Tourist attractions and museums in central Paris have said they will not open on Saturday, when fresh gilets jaunes (yellow vests) protests are planned, as French authorities prepared to deploy 89,000 security personnel across the country.
“The demonstrations announced on Saturday 8 December in Paris do not allow us to welcome visitors in safe conditions,” said the operator of the Eiffel Tower in a statement on Thursday. Police have also ordered about a dozen museums, including the Louvre and the Grand Palais, cultural sites such as the Opera and shops along the Champs-Élysées to close over fears of violence. “We cannot take the risk when we know the threat,” Franck Riester, the culture minister, told RTL radio. Several top-league football matches have also been cancelled.

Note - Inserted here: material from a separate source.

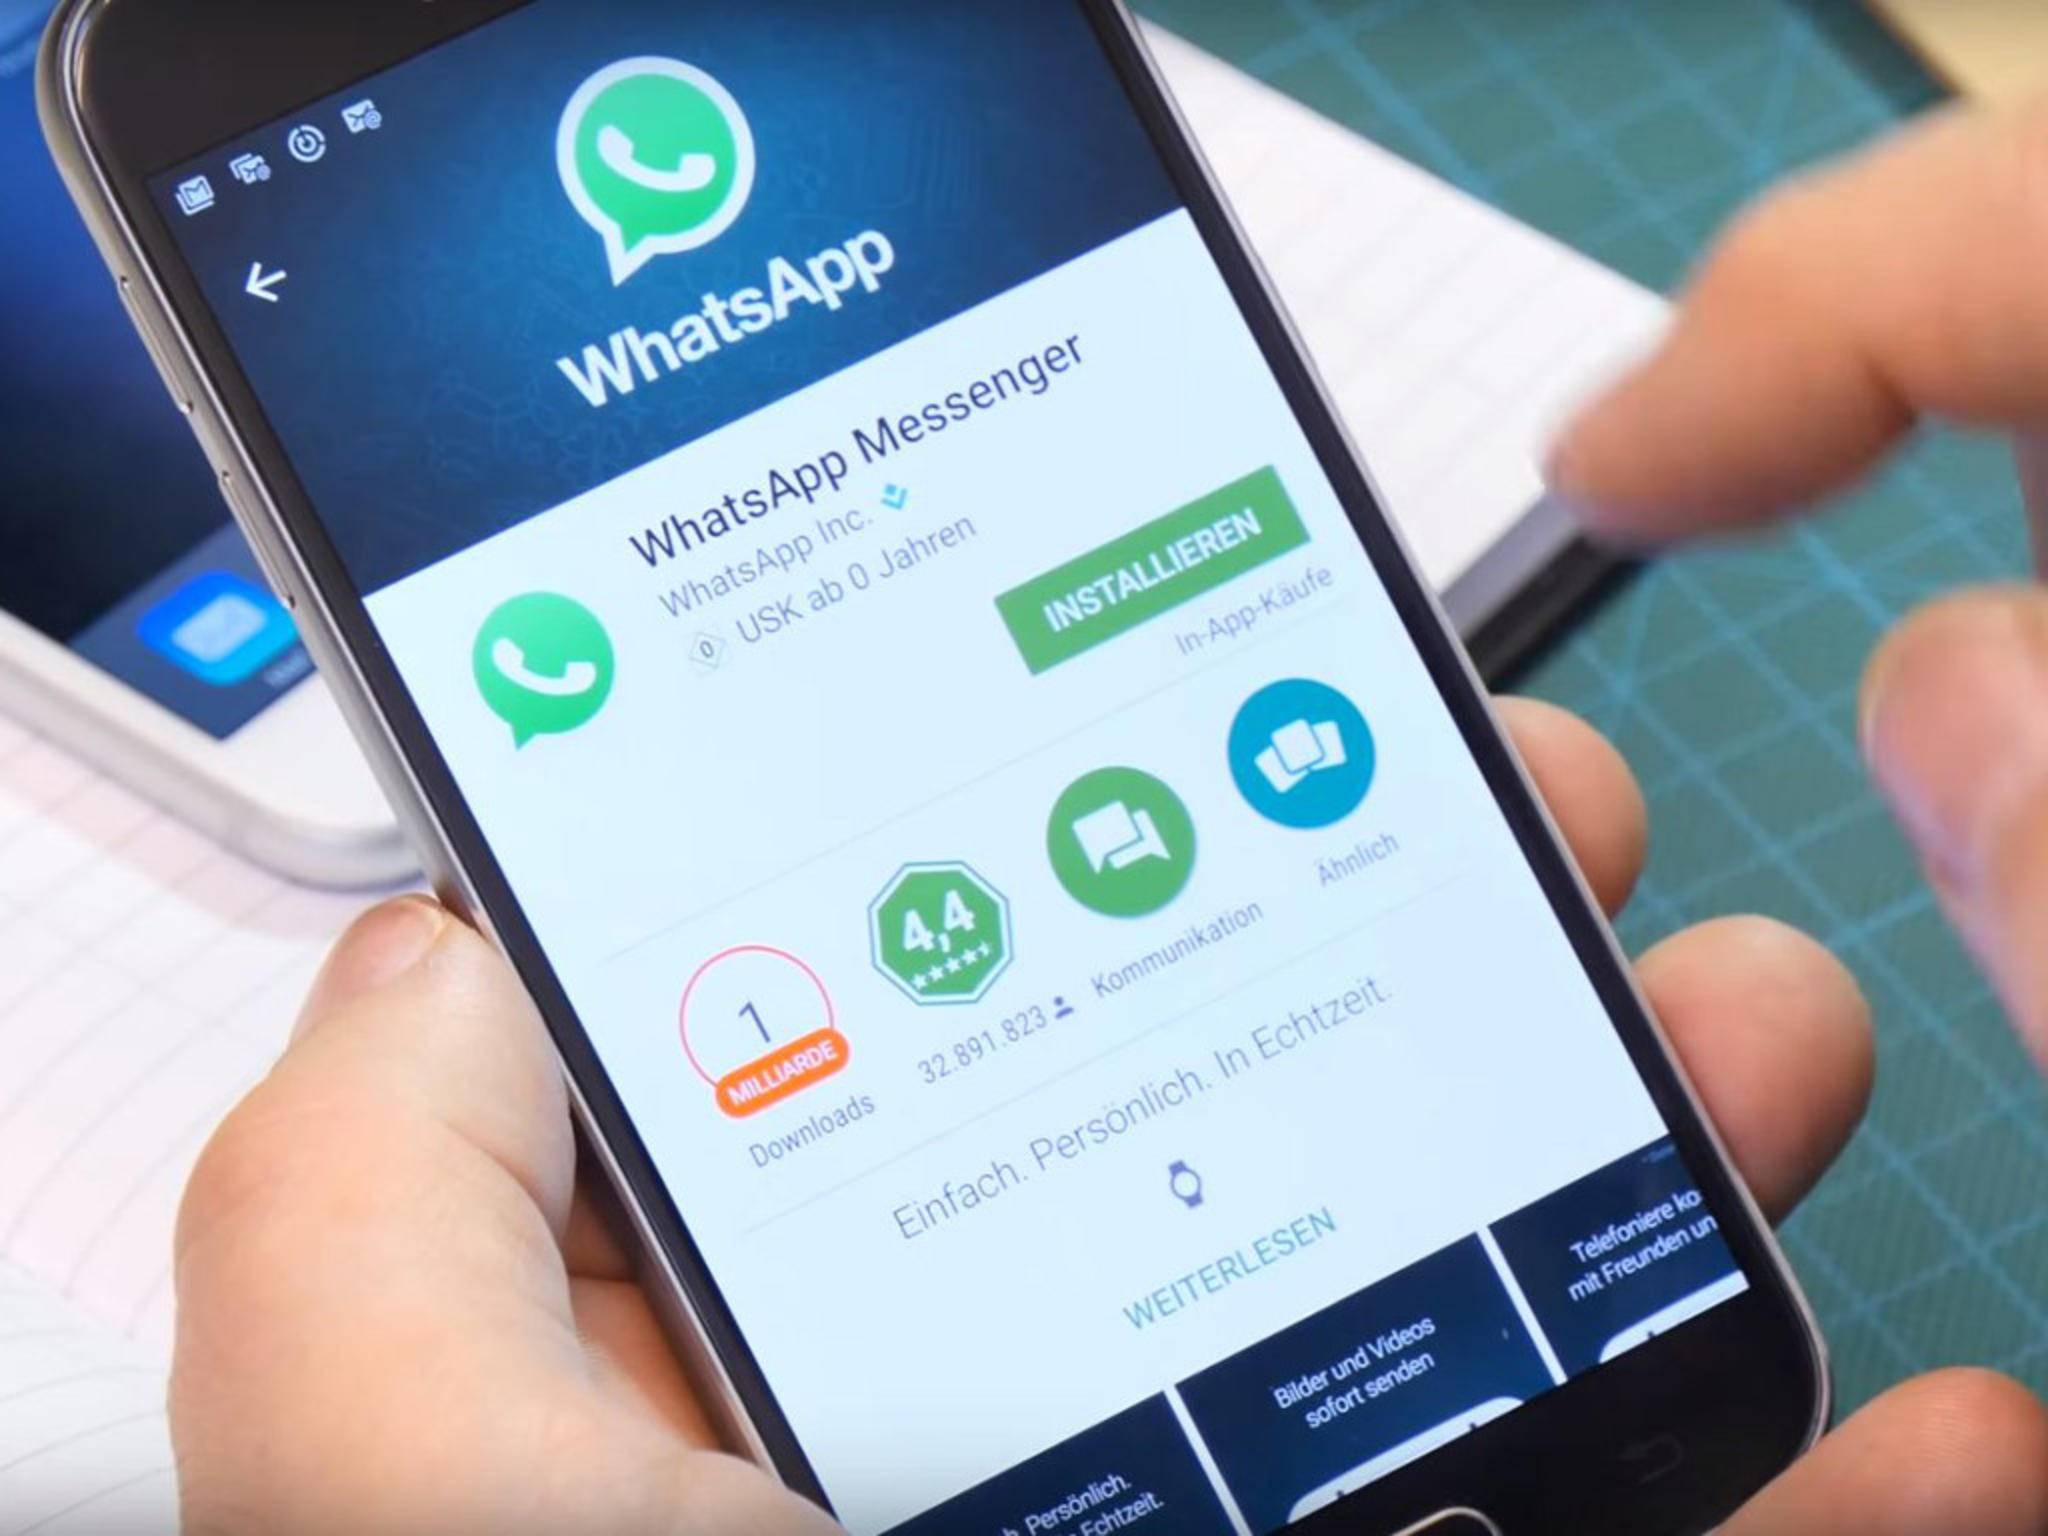 Mit diesen Tipps kannst Du den Datenverbrauch von WhatsApp reduzieren.
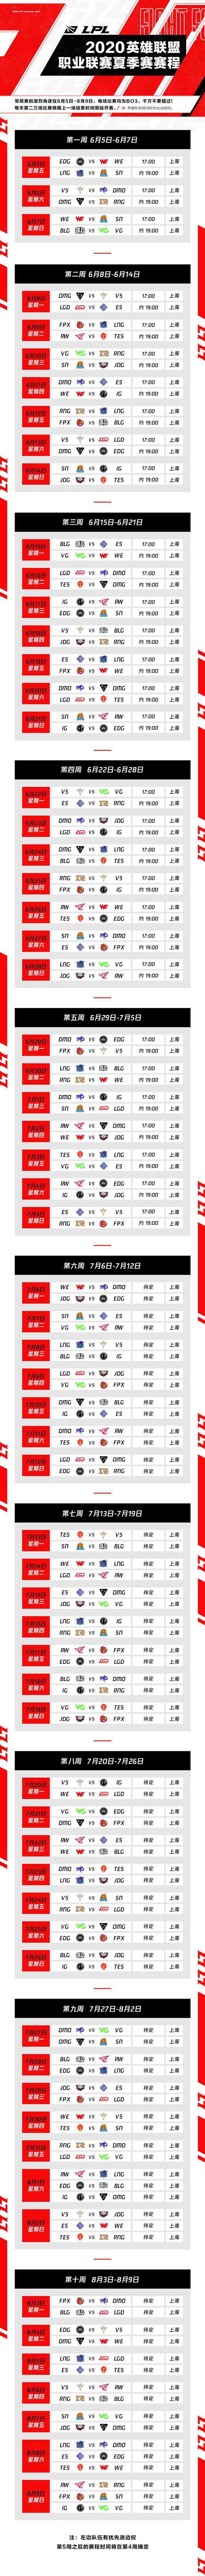 《【煜星平台官网】2020LPL夏季赛赛程公布 LPL推出全新LOGO》

As senior ministers sought to defuse public fury with conciliatory language on taxes, an official in Emmanuel Macron’s office risked provoking more anger by saying that intelligence suggested that some protesters would come to the capital “to vandalise and to kill”.
Despite capitulating this week over the plans for higher fuel taxes that inspired the nationwide revolt, the president has struggled to quell the anger that last weekend led to the worst street unrest in central Paris since 1968.
Rioters torched cars, vandalised cafes, looted shops and sprayed anti-Macron graffiti across some of Paris’s most affluent districts, even defacing the Arc de Triomphe. Scores of people were hurt and hundreds arrested in battles with police.